Me Robinson : « Il y a de l’espoir »

« Cela a été une décision très décevante. Le Mécanisme n’a pas voulu assumer sa responsabilité légale de faire retourner une personne acquittée dans l’Etat où il l’avait trouvée », a réagi Peter Robinson. C’est tout de même la première fois qu’une telle demande, par ailleurs formulée de façon générale à la tribune des Nations unies par des responsables du TPIR ou du MTPI, est exprimée par la voie d’une décision judiciaire. Ainsi, malgré ce sentiment de déception, Me Robinson ne jette pas l’éponge. « Il y a de l’espoir. Même si la Chambre d’appel refuse d’ordonner à la France de reprendre Nzuwonemeye, elle exhorte la France à accueillir Nzuwonemeye sur son territoire pour qu’il puisse tenter de régulariser son statut là-bas » a poursuivi l’avocat. Me Robinson a annoncé que son client avait déjà entamé, auprès de l’ambassade de France en Tanzanie, une procédure de demande de visa et « espère que le gouvernement français honorera cette requête de la Chambre d’appel ».

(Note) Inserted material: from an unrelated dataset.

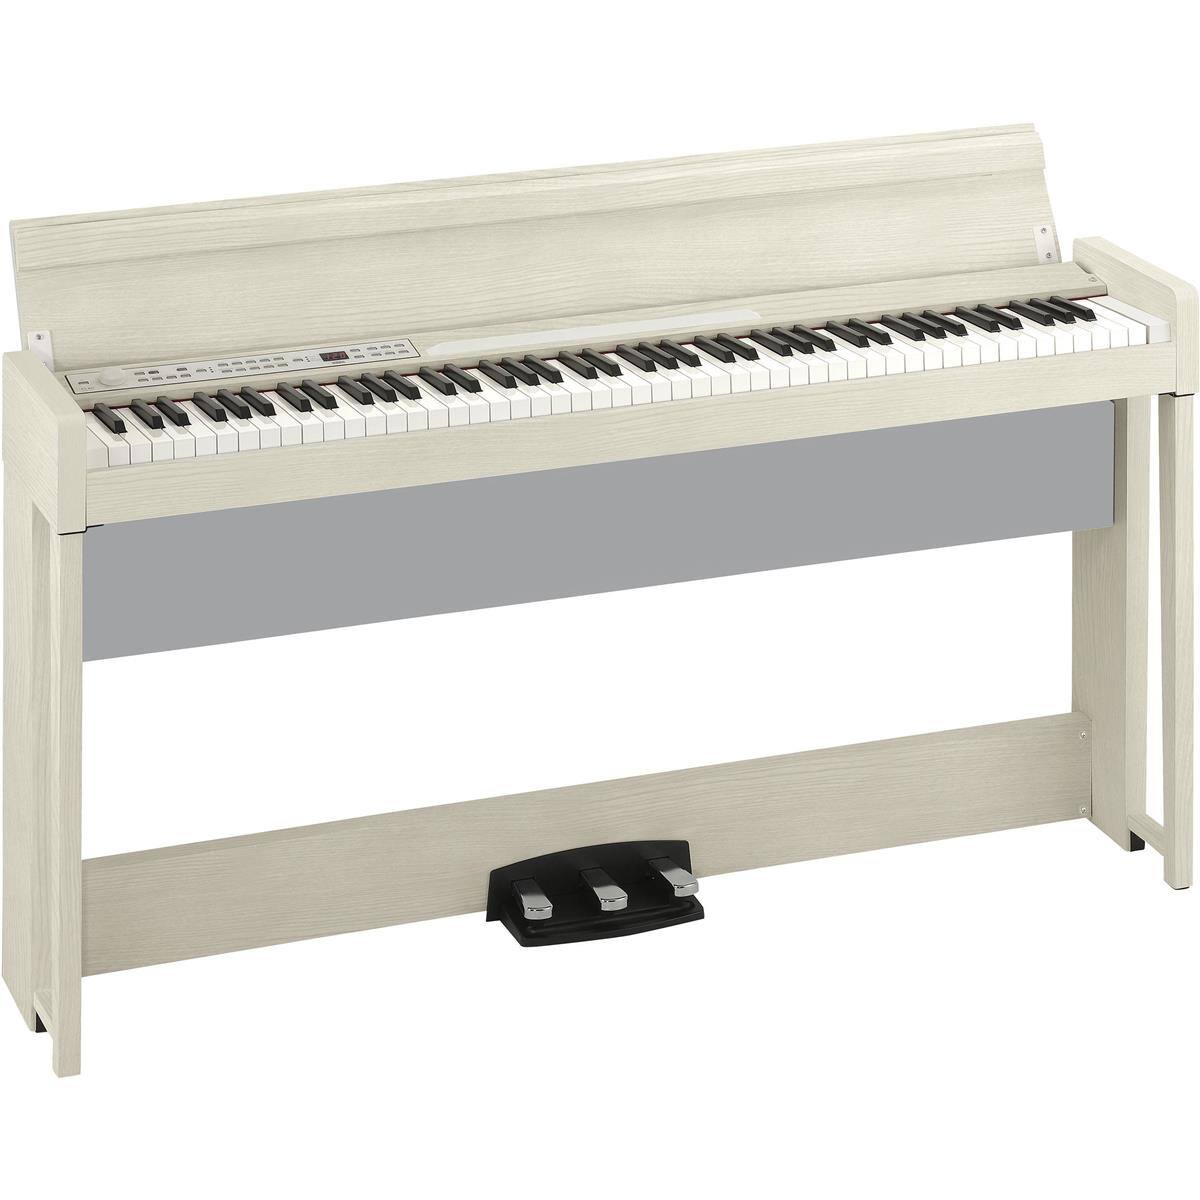 Korg C1 Air Bluetooth 88 Key Digital Piano w/ Hammer Action 3 Keyboard (White Ash) $899 + free s/h

« Conclure des accords entre États et tribunaux »

Dans un entretien avec JusticeInfo en novembre 2015, Géraldine Mattioli-Zeltner, directrice de plaidoyer au programme Justice internationale de Human Rights Watch, une des organisations qui ont lutté pour la création du TPIR, avait appelé la communauté internationale et les autres juridictions internationales à tirer des leçons de l’expérience du TPIR. « Il appartient à tous les États de se porter volontaires pour la relocalisation de ces personnes afin qu’elles ne soient pas condamnées à vivre dans une maison du TPIR sans perspective d’avenir », avait demandé Mme Mattioli-Zeltner. « La relocalisation des personnes acquittées ou ayant purgé leur peine n'est peut-être pas un aspect très attrayant du soutien à la justice internationale mais c’est absolument crucial pour le respect des droits fondamentaux de ces acquittés et condamnés, et pour la crédibilité des institutions judiciaires internationales qui risquent, sinon, d'être accusées de se désintéresser de leur sort. Un enseignement important à tirer de l’expérience au TPIR est la nécessité de conclure des accords de relocalisation entre tribunaux et États le plus rapidement possible, avant même que le problème ne se pose », avait-elle ajouté.

Nzuwonemeye est confiné à Arusha avec Protaïs Zigiranyirazo, beau-frère de l’ex-président rwandais, Juvénal Habyarimana, et trois anciens ministres, dont André Ntagerura acquitté il y a 15 ans. Trois autres anciens officiers libérés après avoir purgé leur peine se trouvent dans la même situation.